MERFX Has More Merger Arb Opportunity Than Meets the Eye

Due in part to factors such as persistently high inflation, rising interest rates, the war in Ukraine, and ongoing U.S./China geopolitical tensions, among other issues, overall mergers and acquisitions activity in 2022 is somewhat lethargic relative to previous years. However, a slowdown in announced deals doesn’t necessarily dent the case for merger arbitrage funds such as the Merger Fund (MERFX). Despite some lethargy on the deal-making front, MERFX’s opportunity set remains surprisingly robust.

“Reflecting that uncertainty, average deal spreads — the gap between the deal price and the share price — have risen from 5.1 percent annualized, at the start of the year, to 12.5 percent through October 31, 2022, according to data from UBS Special Situations, which considers deals with a spread of between zero and 50 percent,” according to a blog by Westchester Capital Management posted on “However, although gross M&A activity has declined from the record achieved just last year, the opportunity set remains quite attractive: in fact, transaction activity is easily comparable to 2017–2019 levels.”

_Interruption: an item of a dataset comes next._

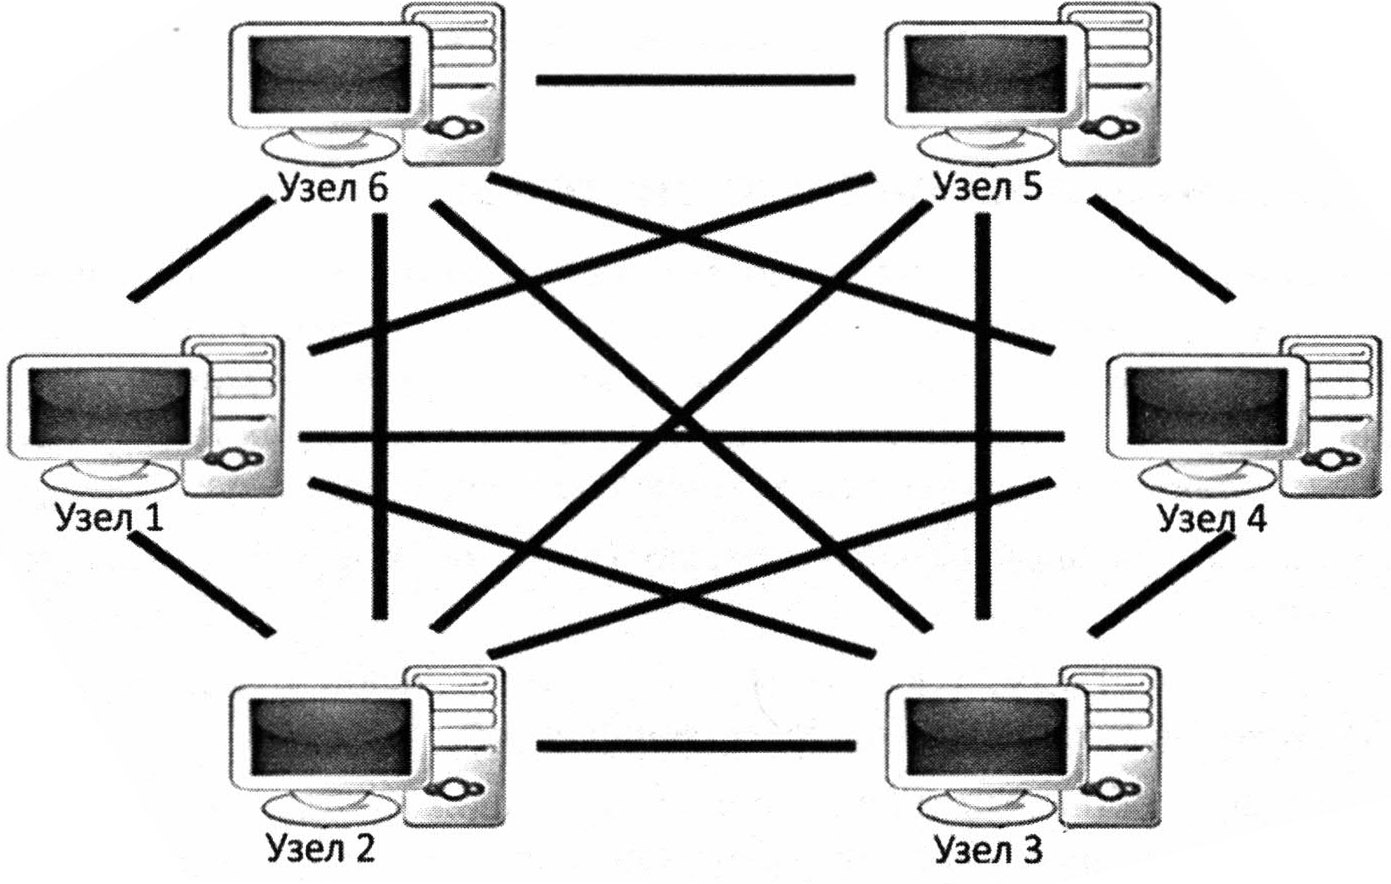 Децентрализованная пиринговая система «каодый-с-каждым»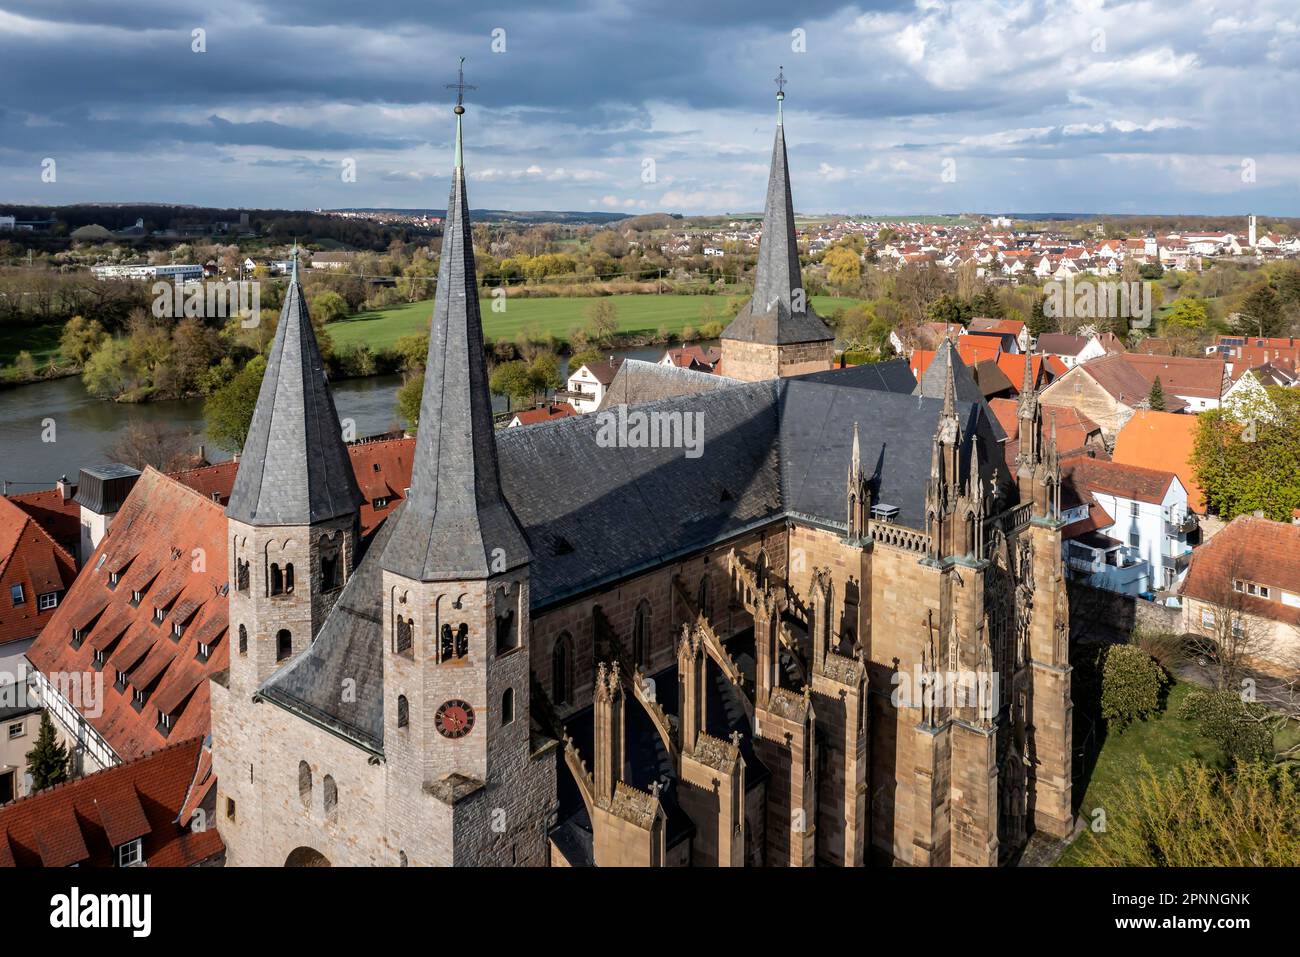 St. Peter's Collegiate Church, l'un des plus importants bâtiments gothiques d'Allemagne, vue extérieure, photo de drone, Bad Wimpfen Banque D'Images

Potentially bolstering the case for MERFX with 2023 right around the corner is the point that while overall deal flow slumped a bit this year, mega-deal activity is steady. That could be a sign that cash-rich companies are looking for big targets, and it’s possible that trend will carry over into next year, particularly when considering the 2022 equity market slump.

“The market for megadeals (deals with a value exceeding $10 billion) remains strong. One would think that uncertainty would discourage such large and complicated transactions,” added Westchester Capital. “But 2022 has produced as many megadeals as the technology, media, and telecom flurry during 2021. Megadeals accounted for 28 percent of 2022 deal value through Q3 2022 versus 23 percent a year earlier. There were 34 through October, compared with 37 during all of 2021 and 2020.”

Past performance isn’t a guarantee of future returns, but MERFX’s near-term returns are compelling. After gaining just over 1% in October, MERFX entered November with a year-to-date gain of roughly the same amount. That’s vastly superior to what investors have earned this year with the S&P 500 and broad bond benchmarks.

“Notwithstanding the prevailing market pessimism, the portfolio management team is tracking approximately 200 transactions, consistent with the Fund’s historical opportunity set of between 180-220 deals globally. The Fund’s invested in seven new deals during the month, and 17 were successfully completed,” concluded Westchester Capital.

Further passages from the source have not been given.